The Italian had left the door open to a possible appearance at the Grande Boucle after the Giro, but there were doubts from the start over whether he would take on a second three-week race in quick succession.
Three weeks on, his summer has taken a different shape. Rather than heading to the Tour, Ciccone is set to build the next phase of his season around one-day racing, with the Clasica San Sebastian and the World Championships in Montreal standing out as the major targets.
His first part of the campaign will instead end at the 2026 Italian National Championships road race. In Cuneo, Ciccone is expected to be one of Lidl-Trek’s support riders around Jonathan Milan, the obvious danger man if the national title is decided in a sprint.

From Giro pink to a Tour absence

At the Giro, Ciccone wore the maglia rosa for the first time, won the mountains classification and repeatedly appeared at the sharp end of selective stages, even as the overall classification moved away from him.
The Tour has already given him some of the biggest moments of his career. He wore yellow in 2019 after La Planche des Belles Filles and won the mountains classification in 2023, shaping the race without ever needing to fight for the final podium in Paris.
In 2026, there will be no repeat. Rather than chasing another Tour jersey campaign, Ciccone is heading towards a block where the targets look sharper and better suited to his punchy climbing style.
Giulio Ciccone during stage 5 of the 2026 Giro d'Italia
Ciccone wore the Maglia Rosa at the 2026 Giro d'Italia

San Sebastian defence and Montreal Worlds take priority

The Clasica San Sebastian is the immediate standout. Ciccone is the defending champion after his solo victory last season, one of the biggest one-day wins of his career and the kind of result that fits his profile perfectly: hard terrain, a selective finale and enough unpredictability for an aggressive climber to take control.
Montreal offers the longer-range prize. On a demanding World Championships course, Ciccone should be one of Italy’s most valuable options, particularly if the race becomes attritional and difficult to control.

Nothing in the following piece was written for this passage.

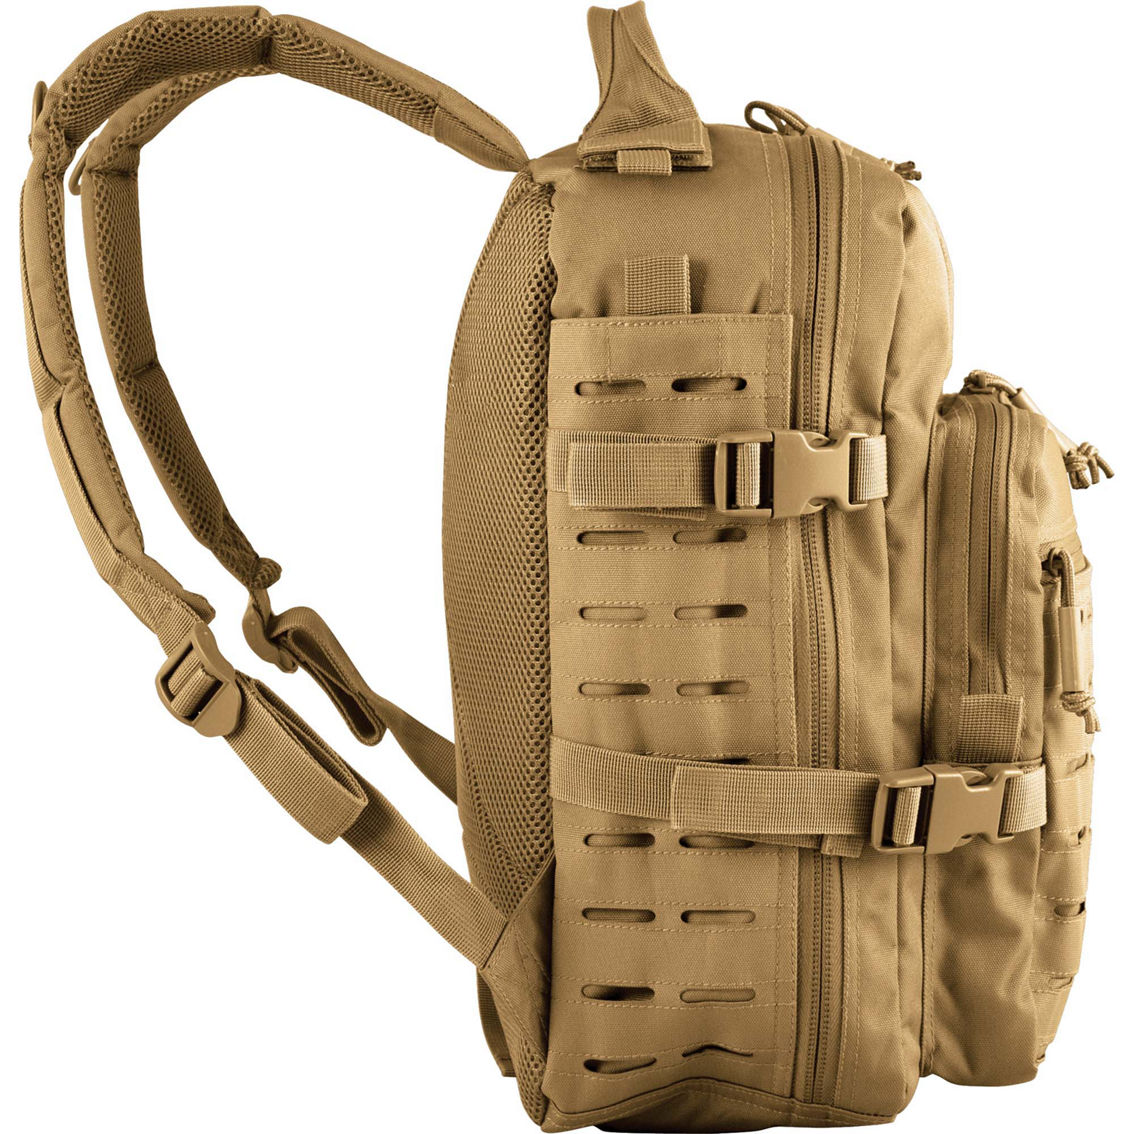 Red Rock Outdoor Gear Transporter Day Pack - Image 3 of 9

Before then, he is expected to ride the Vuelta a Burgos, but not the Vuelta a Espana, with the GP de Quebec and GP de Montreal also on his calendar before the Worlds road race.
The Giro delivered pink, the mountains jersey and another reminder of Ciccone’s Grand Tour instincts. The Tour will go on without him, while San Sebastian, Canada and a possible rainbow-jersey opportunity become the centre of his summer.